But if it wasn't for the FX shots of the ships, we'd never know that the two Hyperion ships were there, so if they didn't realize they couldn't show the Hyperion ships blowing up until they did the FX then they shouldn't have put the Hyperion ships in the FX in the first place.
 
But if it wasn't for the FX shots of the ships, we'd never know that the two Hyperion ships were there, so if they didn't realize they couldn't show the Hyperion ships blowing up until they did the FX then they shouldn't have put the Hyperion ships in the FX in the first place.

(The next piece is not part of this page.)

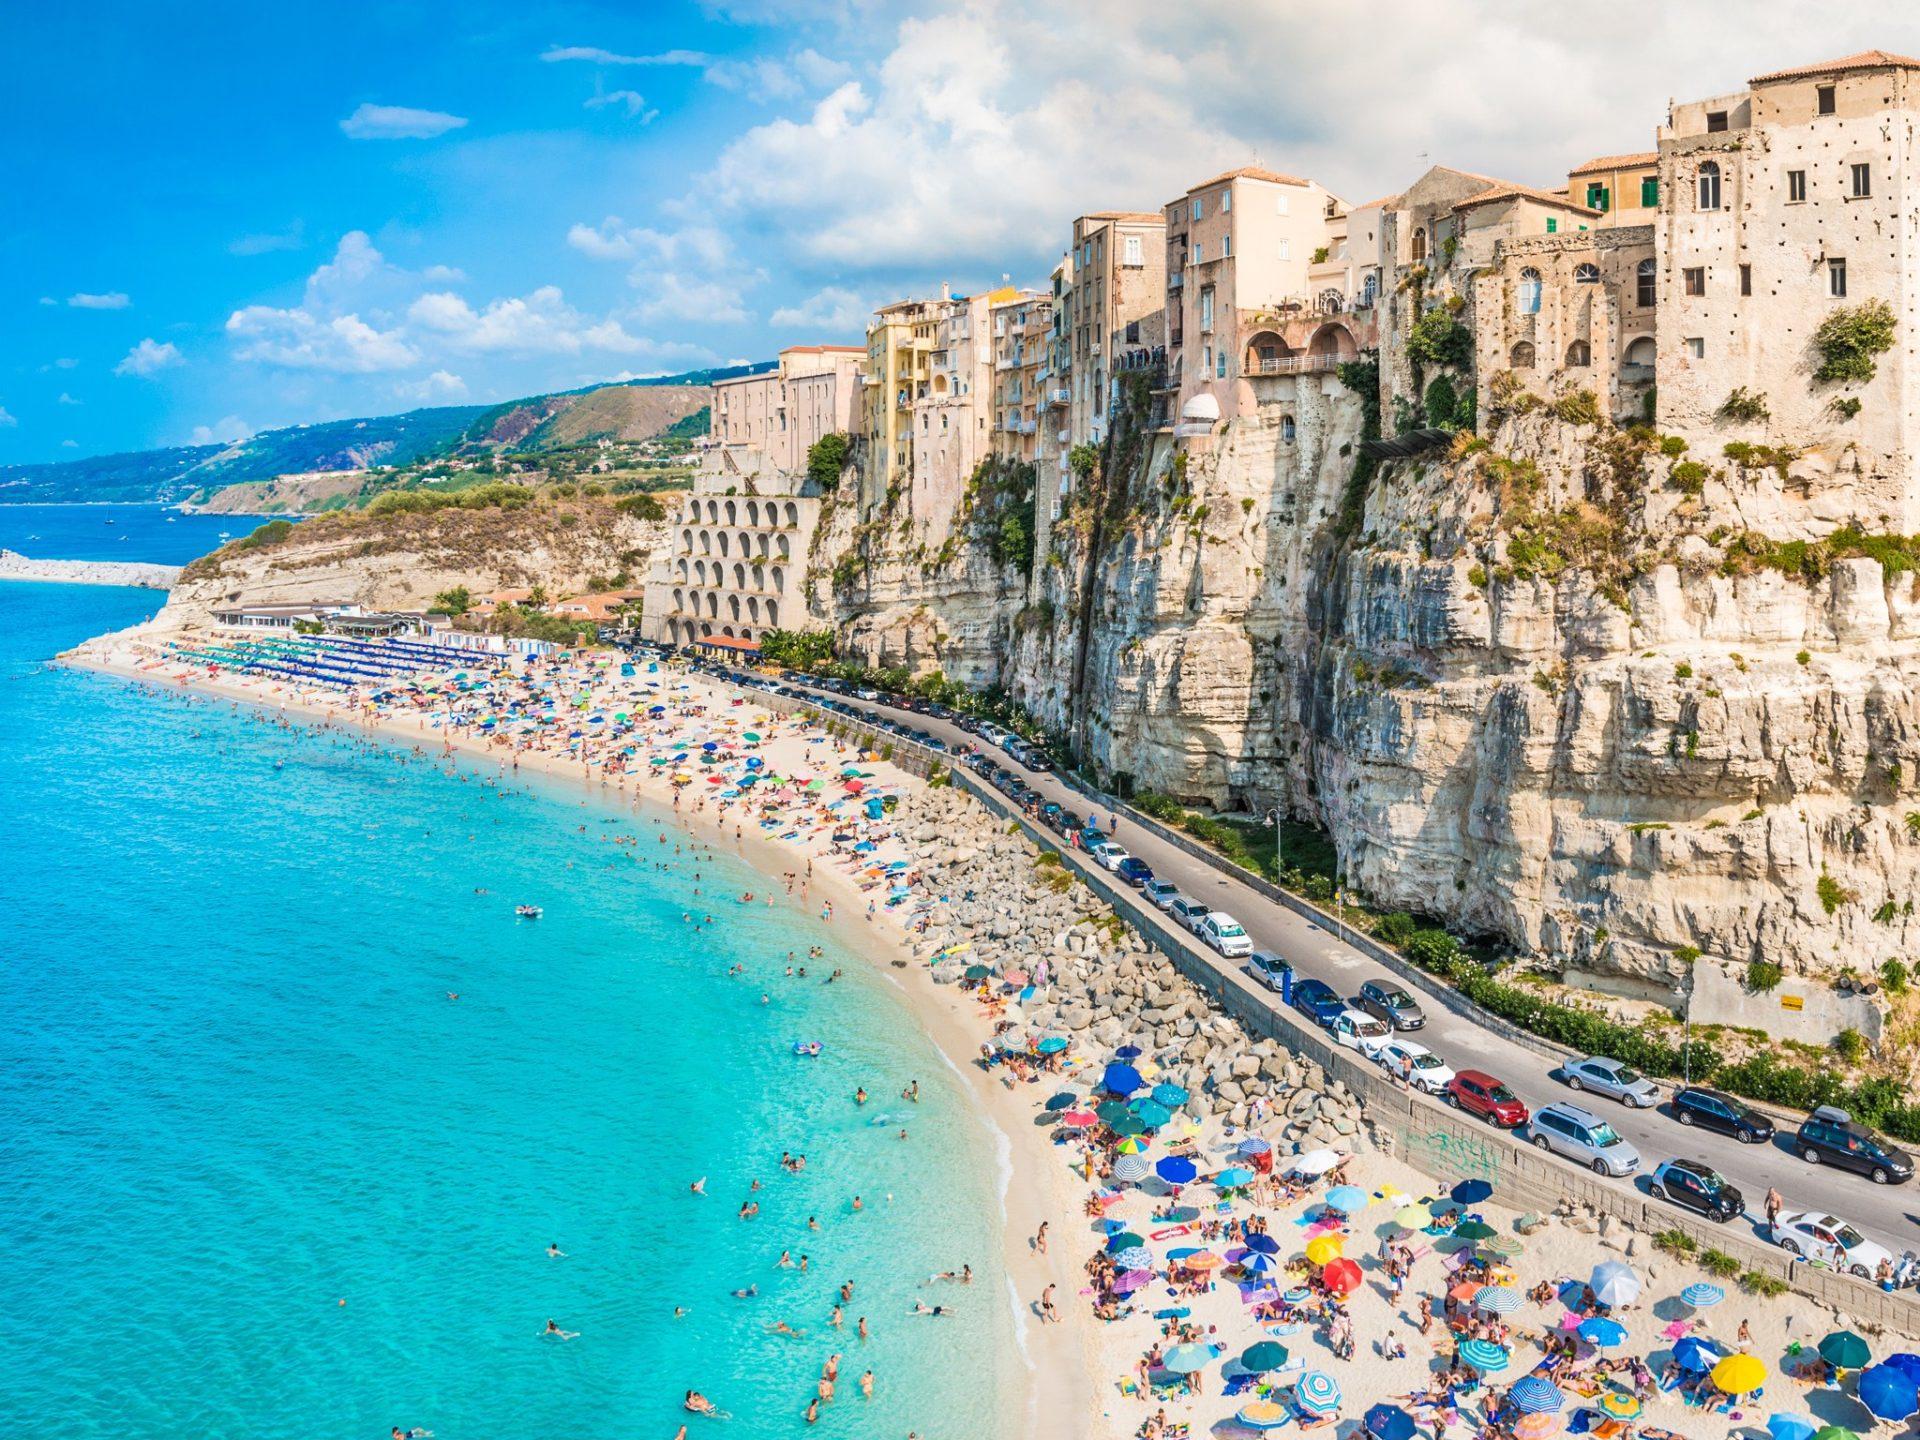 8. Пляж Марасуза, Тропея, Италия.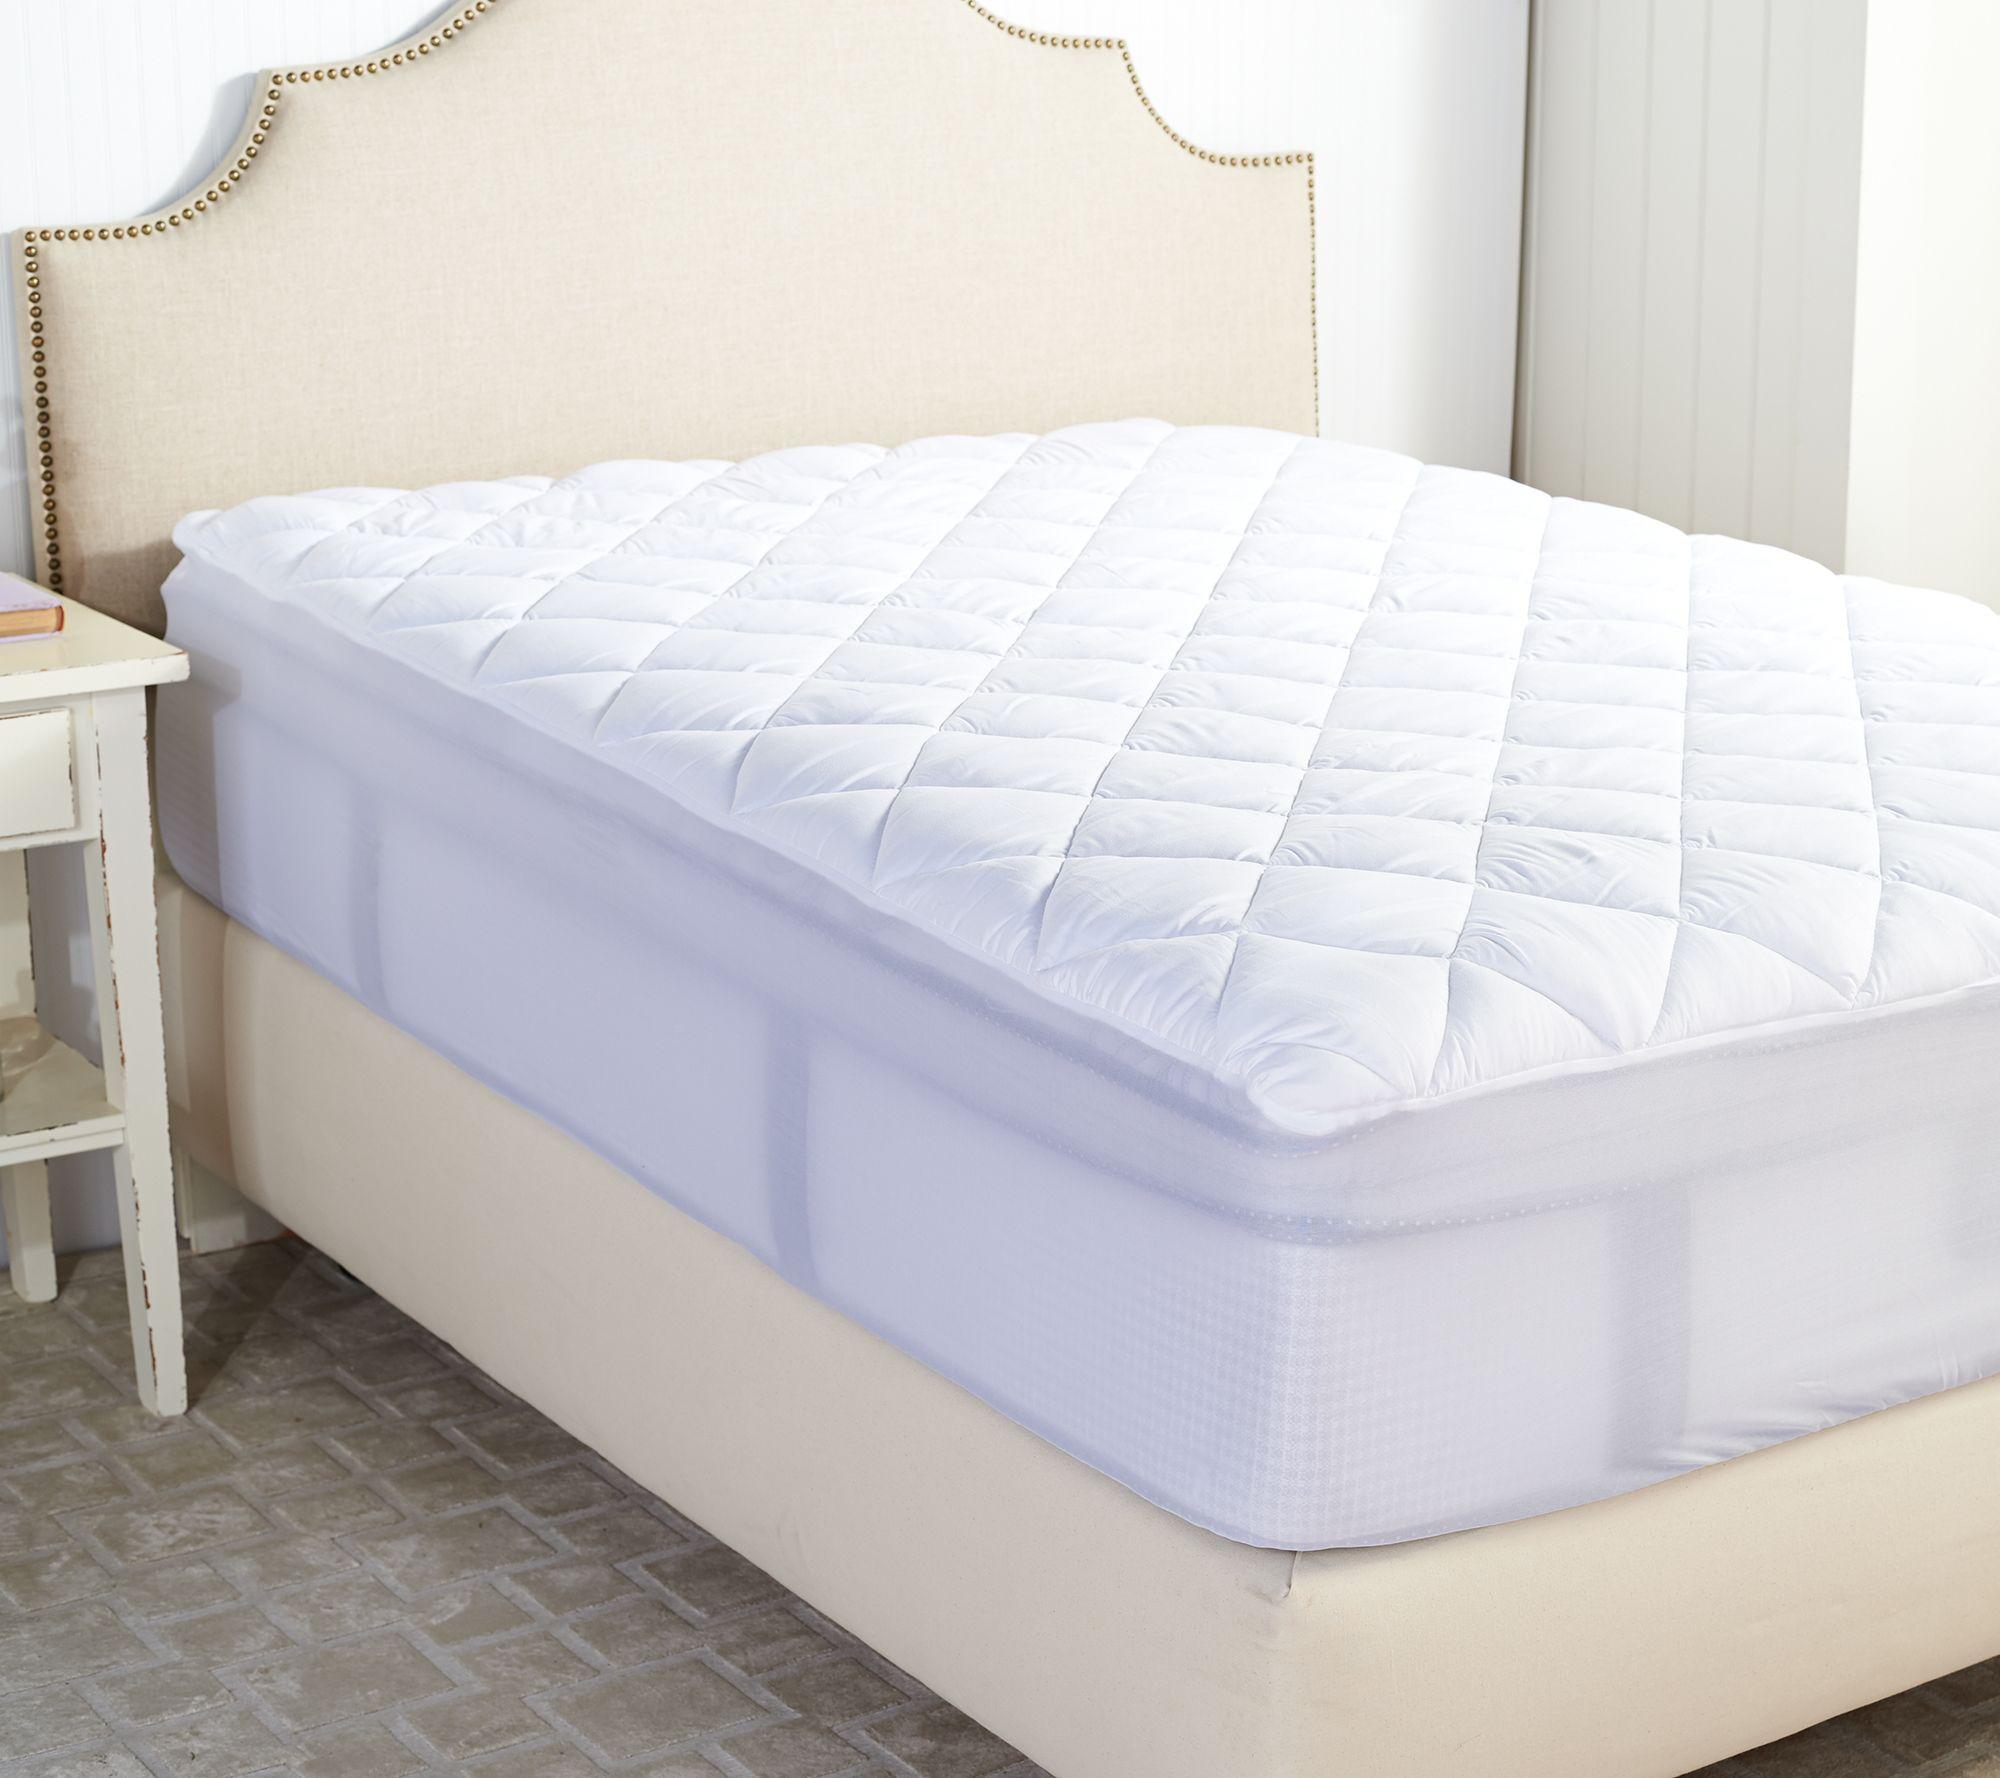 serta twin mattress. Serta Perfect Sleeper CalKing Mattress Pad With Nanotex Technology - Page 1 \u2014 QVC.com Twin T

Since they were in the business of telling a story, rather than submitting a ship inventory to EarthForce, maybe they wanted to show the maxium number of ships arriving for their dramatic impact. Then they decided not to slow down the action showing what happened to each and every single fighter we saw launched.* And they couldn't spend the money to go back and film an extra line to explain what happened to every ship. They assumed the audience either (a) wouldn't be counting the bloody ships as they arrived or going back over and over again freeze-framing videotapes and DVDs or (b) would be smart enough to figure out that they must have been destroyed off-screen.

All TV shows rely on a kind of story-telling shorthand and an hour show is rarely a fully-fleshed out drama. The writers rely on the audience having the brains to fill in the necessary blanks. David Gerrold was writing about this more than 20 years ago in his behind-the-scene books on ST:TOS.

Personally, I've watched every episode of the series, including this one, over a dozen times in the past few years. And until this thread I never knew that there were ships left unaccounted for on-screen. I doubt I'm alone. In fact, I'm pretty sure that the number of fans who missed this whole "problem" is vastly greater than the number of fans who are bothered by it. And the producers know this.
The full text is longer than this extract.